إِنَّ هَٰذِهِۦ تَذْكِرَةٌۭ ۖ فَمَن شَآءَ ٱتَّخَذَ إِلَىٰ رَبِّهِۦ سَبِيلًا ﴿١٩﴾
Doğrusu bu anlatılanlar birer öğüttür. Dileyen kimse, Rabbine doğru giden bir yol tutar.
۞ إِنَّ رَبَّكَ يَعْلَمُ أَنَّكَ تَقُومُ أَدْنَىٰ مِن ثُلُثَىِ ٱلَّيْلِ وَنِصْفَهُۥ وَثُلُثَهُۥ وَطَآئِفَةٌۭ مِّنَ ٱلَّذِينَ مَعَكَ ۚ وَٱللَّهُ يُقَدِّرُ ٱلَّيْلَ وَٱلنَّهَارَ ۚ عَلِمَ أَن لَّن تُحْصُوهُ فَتَابَ عَلَيْكُمْ ۖ فَٱقْرَءُوا۟ مَا تَيَسَّرَ مِنَ ٱلْقُرْءَانِ ۚ عَلِمَ أَن سَيَكُونُ مِنكُم مَّرْضَىٰ ۙ وَءَاخَرُونَ يَضْرِبُونَ فِى ٱلْأَرْضِ يَبْتَغُونَ مِن فَضْلِ ٱللَّهِ ۙ وَءَاخَرُونَ يُقَٰتِلُونَ فِى سَبِيلِ ٱللَّهِ ۖ فَٱقْرَءُوا۟ مَا تَيَسَّرَ مِنْهُ ۚ وَأَقِيمُوا۟ ٱلصَّلَوٰةَ وَءَاتُوا۟ ٱلزَّكَوٰةَ وَأَقْرِضُوا۟ ٱللَّهَ قَرْضًا حَسَنًۭا ۚ وَمَا تُقَدِّمُوا۟ لِأَنفُسِكُم مِّنْ خَيْرٍۢ تَجِدُوهُ عِندَ ٱللَّهِ هُوَ خَيْرًۭا وَأَعْظَمَ أَجْرًۭا ۚ وَٱسْتَغْفِرُوا۟ ٱللَّهَ ۖ إِنَّ ٱللَّهَ غَفُورٌۭ رَّحِيمٌۢ ﴿٢٠﴾
Şüphesiz Rabbin, senin ve beraberinde bulunanlardan bir topluluğun gecenin üçte ikisinden biraz az, yarısı ve üçte biri kadar vakit içinde kalktığını bilir.

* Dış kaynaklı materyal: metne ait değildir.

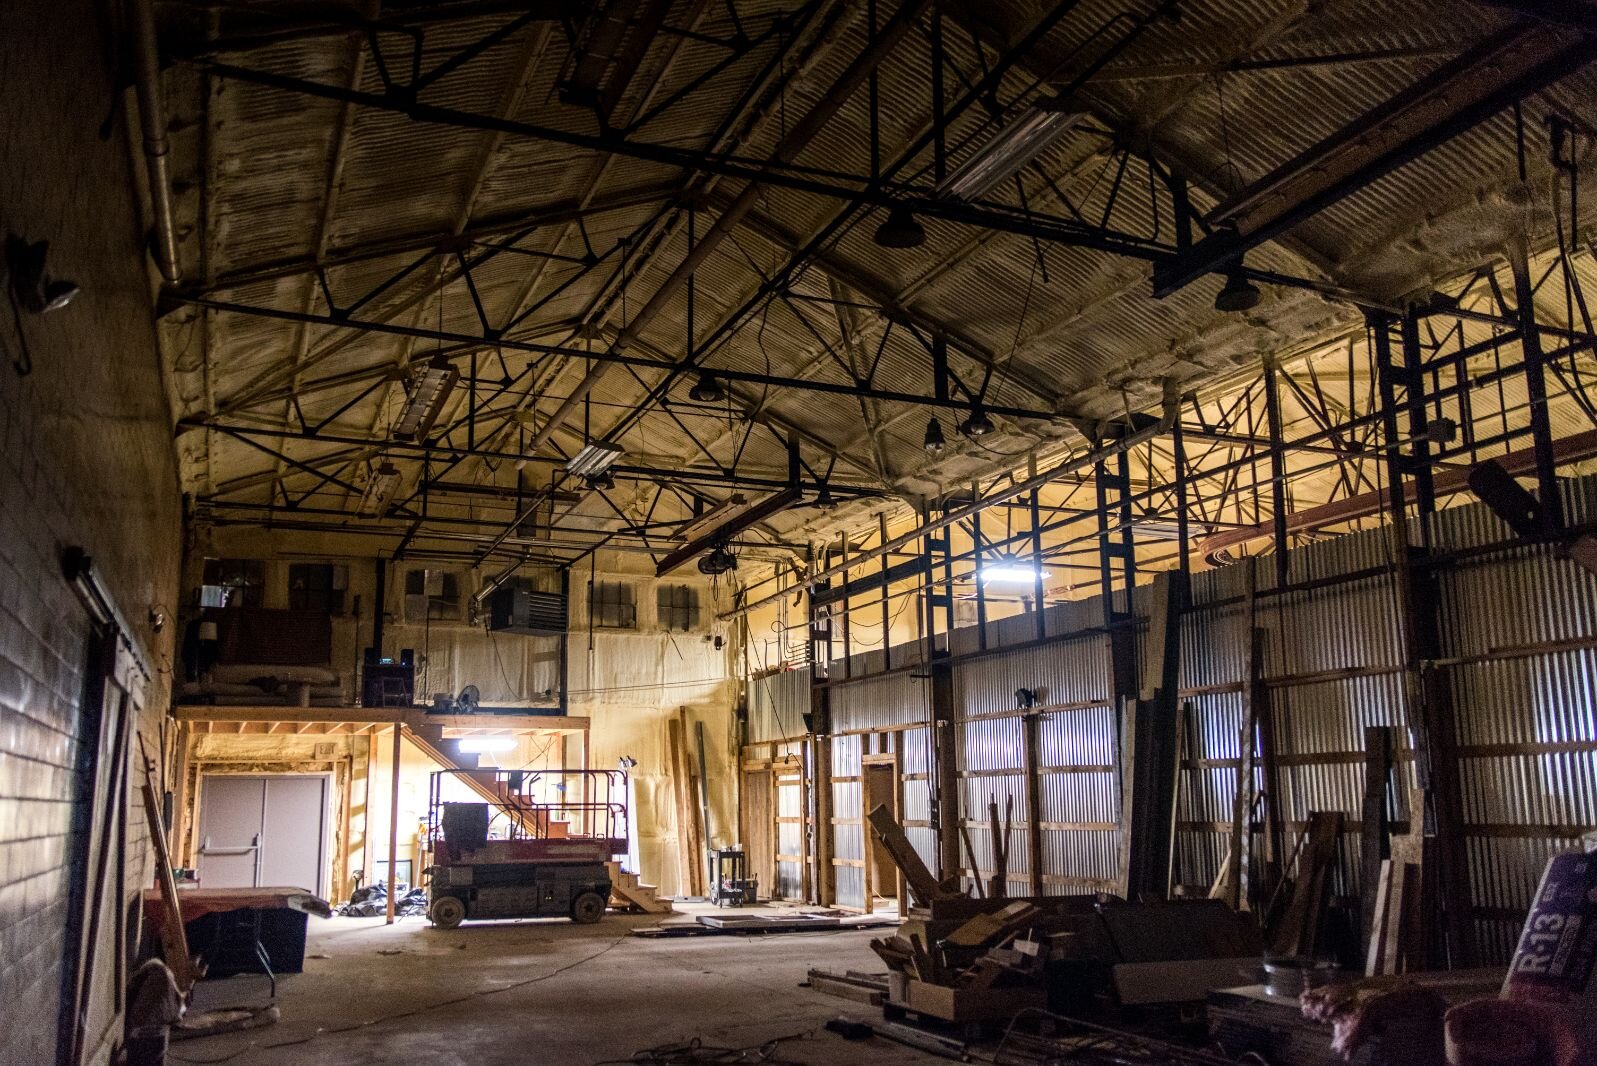 The  Wax Building is a 17,000 square-foot former paraffin wax factory that is being converted for use as an artistic workshop, gallery and performance space for every artists.

Gece ve gündüzü Allah ölçer; sizin bu vakitleri takdir edemeyeceğinizi bildiğinden tevbenizi kabul etmiştir. Artık, Kuran'dan kolayınıza geleni okuyun; Allah, içinizden, hasta olanları, Allah'ın lütfundan rızık aramak üzere yeryüzünde dolaşacak olan kimseleri ve Allah yolunda savaşacak olanları şüphesiz bilir. Kuran'dan kolayınıza geleni okuyun; namazı kılın; zekatı verin; Allah'a güzel ödünç takdiminde bulunun; kendiniz için yaptığınız iyiliği daha iyi ve daha büyük ecir olarak Allah katında bulursunuz. Allah'tan bağışlanma dileyin; Allah elbette bağışlar ve merhamet eder.